Non, il n’y fallait pas penser. Au lieu de cela, elle fit descendre son regard vers son buste, et bien qu’avec réticence, se força à regarder. Dieu qu’elle détestait cela ! La meilleure preuve qui soit que, quoiqu’elle fasse, quoiqu’elle pense, elle n’aurait jamais un corps d’homme. Ces… monstruosités, sans aucun muscle, sans aucun maintien… ces difformités qui disgraciaient son torse, là où il n’aurait du y avoir que muscles plats et fermes ! Oh, muscles il y avait, mais débouchant sur… sur ces…

Serrant les poings, pinçant les lèvres de dégout, elle détourna son regard. Et il n’y avait rien à faire contre cela ! Oh, elle avait bien sûr lu les récits antiques évoquant ces guerrières mythiques qui se tranchaient un sein pour mieux tirer à l’arc, mais d’une part, ce n’était que mythologie, et d’autre part, la simple idée de… C’était effroyablement barbare, et les infortunées dont l’état de santé était si désespéré qu’elles devaient se résoudre à passer entre les mains des médecins ou des chirurgiens pour combattre la maladie mourraient généralement plus vite des suites de l’intervention que du mal qui les rongeait de l’intérieur.
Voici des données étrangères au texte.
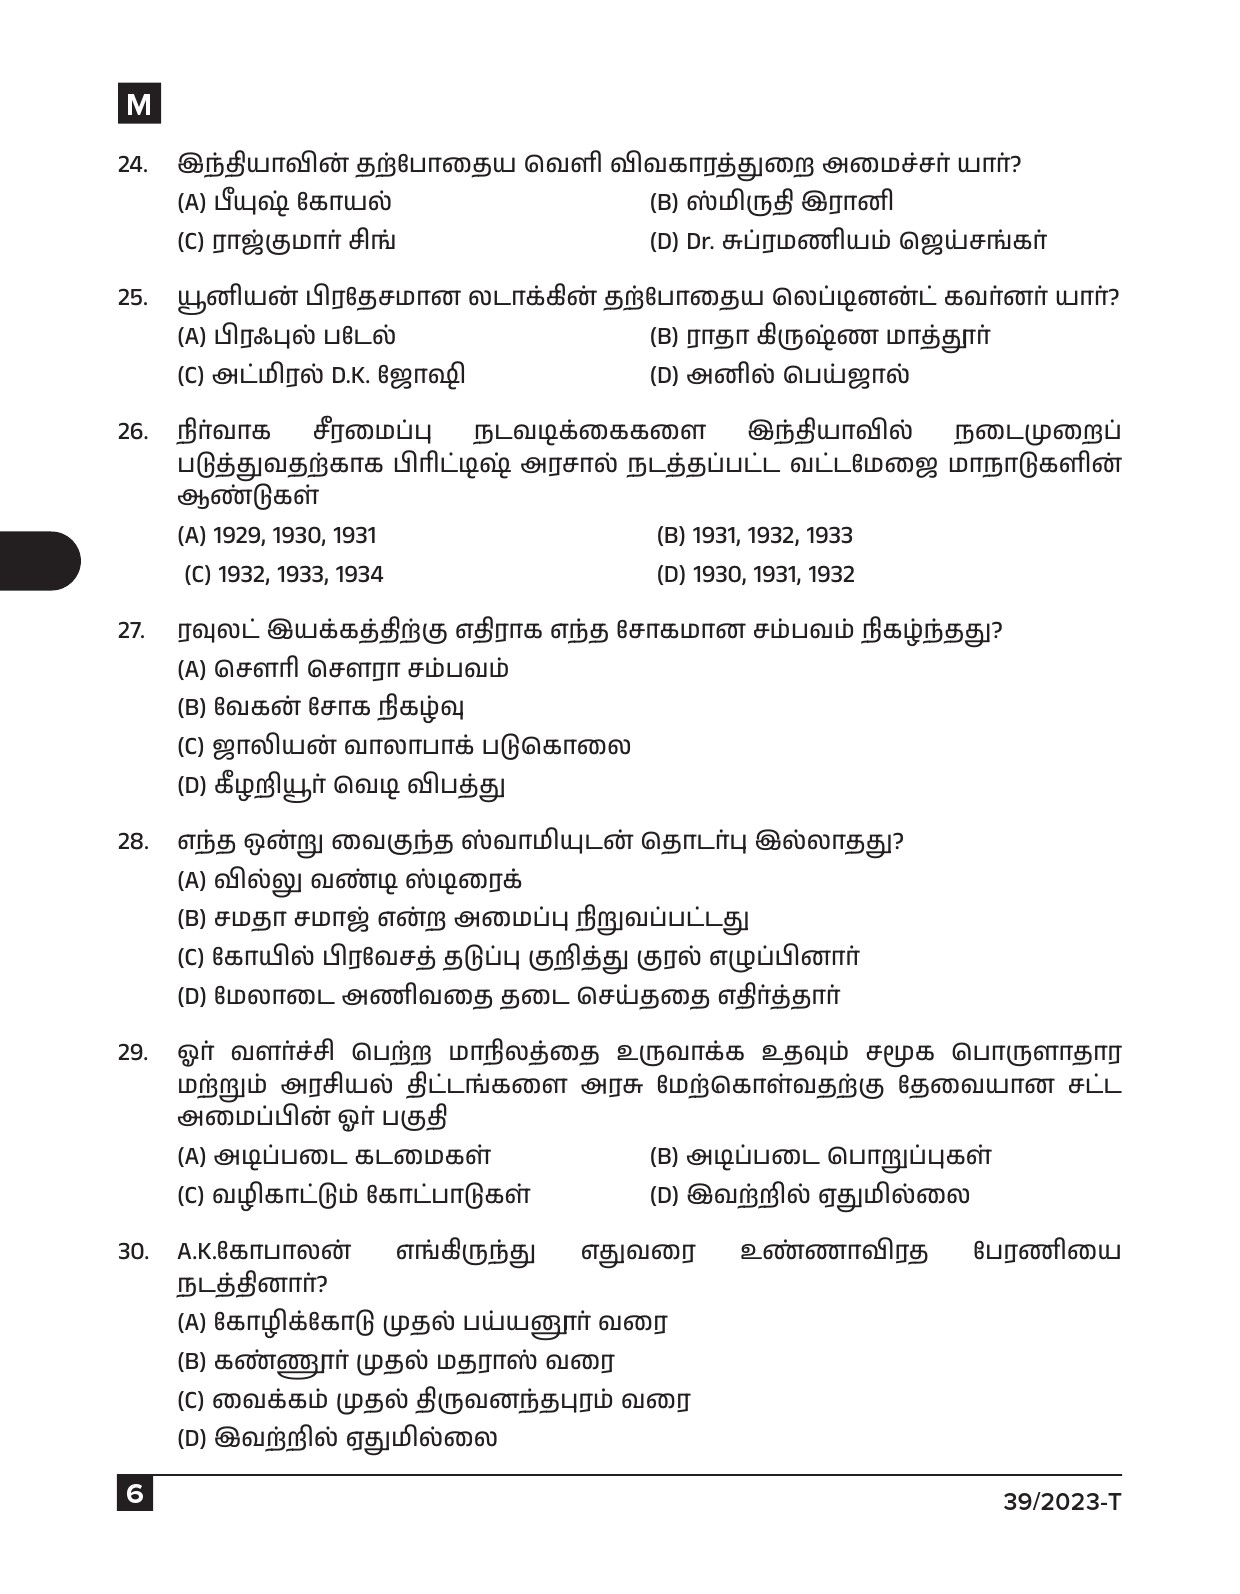 KPSC Ayah Attender Work Assistant Tamil Exam 2023 Code 0392023 T 5
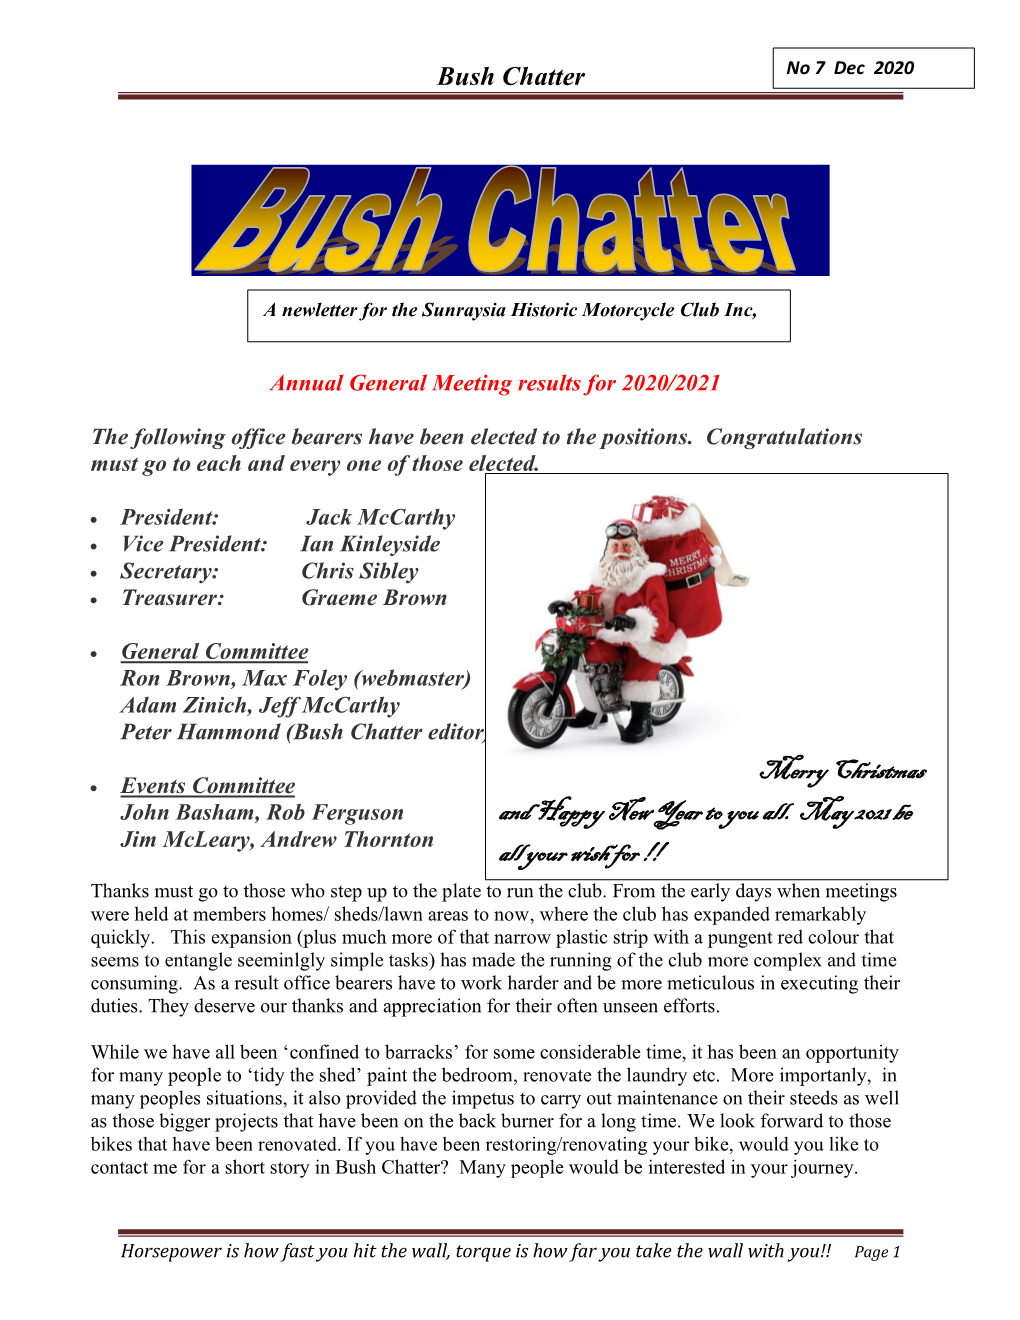 Bush Chatter No 7 Dec 2020

Elle releva encore le regard vers ces grosseurs molles qui semblaient la narguer. Un pauvre sourire aux lèvres, elle se dit qu’elle avait au moins la chance que la nature ne l’ait que peu dotée à ce niveau. Anticipation de ce que son destin ferait d’elle ? Peut-être. Comment faisaient donc celles que la nature avait dotées d’une gorge plus… habituelle chez une femme ? Comment supportaient-elles de se voir dans une glace ? Etait-il possible que les hommes chérissent ceci ? Elle, en tout cas, n’éprouvait que répulsion pour cela. Etait-ce là un autre signe que jamais elle ne serait pleinement homme, même en esprit ?

Elle, ne rêvait que de buste plat, de larges épaules, d’un torse tel qu’elle devinait être celui de…

Non ! Elle avait déjà dit qu’elle ne voulait pas songer à Lui !

Et pourtant, elle ne pouvait s’empêcher d’y penser. Qu’aimait-il, lui ? Les gorges opulentes, révélées par les corsages serrés des robes à la dernière mode ? Certainement. Et après-tout, n’était-ce pas ce qu’Elle portait ? N’était-Elle pas réputée pour la grâce et la perfection de ses charmes ?

Les images de la Reine, si féminine et toute en courbes dans ses robes de cour passèrent fugacement dans l’esprit d’Oscar… qui regarda encore une fois vers sa psyché. Non, vraiment, personne ne pourrait un jour être attiré par ce qu’elle y voyait. Il n’y avait pas une once de féminité dans ce corps trop grand et trop maigre pour attirer l’œil d’un homme, sans même parler de sa caresse. Ce corps trop plat et trop musclé pour être celui d’une femme, mais pas suffisamment pour être celui d’un homme…

Osseuse, anguleuse jusque dans son visage… Non, il n’y avait rien de féminin en elle, et pire encore, il n’y avait en ce corps rien de viril non plus.